The intention to found the New Social Democracy was presented on 1 May 2026, and the NSD was officially established on 19 June 2026. Members of the petition committee collecting the signatures required to found the new party included, among others, former Social Democratic prime minister Vladimír Špidla, former minister for human rights and equal opportunities Jiří Dienstbier, and Nedvěd's rival candidate Petr Pavlík.

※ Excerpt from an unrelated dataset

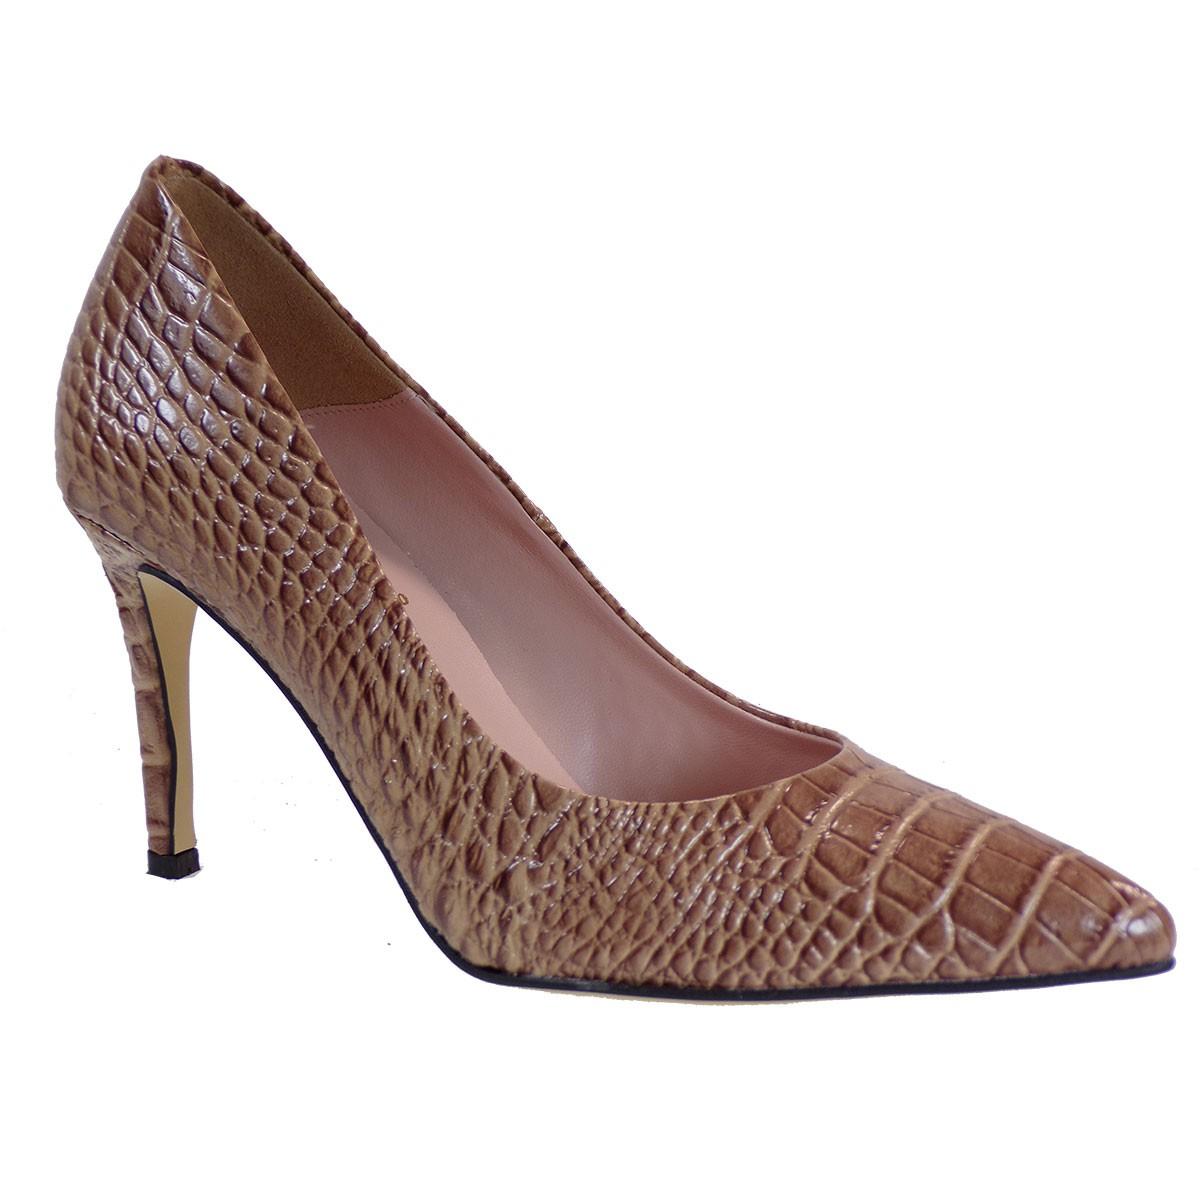 Alessandra Paggioti Γυναικεία Παπούτσια Γόβες 81001 Νude Σκ. Κροκό

The NSD party was also supported by former Communist Party MP Jiří Dolejš.

== Organization ==
=== Names ===
Czech lands as part of Austria-Hungary:
- 1878–1893: Czechoslavonic Social Democratic Party in Austria (Sociálně-demokratická strana českoslovanská v Rakousku), then part of the Social Democratic Party of Austria
- 1893–1918: Czechoslavonic Social Democratic Workers' Party (Českoslovanská sociálně demokratická strana dělnická), an independent party
Czechoslovakia:
- 1918–1938: Czechoslovak Social Democratic Workers' Party (Československá sociálně demokratická strana dělnická), and was a member of the Labour and Socialist International between 1923 and 1938; after the split-up of Austria-Hungary, the portion of the party that ended up within the new Republic of Austria split from the main party to form the Czechoslovak Social Democratic Workers Party in the Republic of Austria
- 1938–1941: National Labour Party (Národní strana práce), which was a merger of the party with the left wing of the Czechoslovak National Socialist Party to unite the left in opposition to the ruling Party of National Unity
- 1945–1948: Czechoslovak Social Democracy (Československá sociální demokracie)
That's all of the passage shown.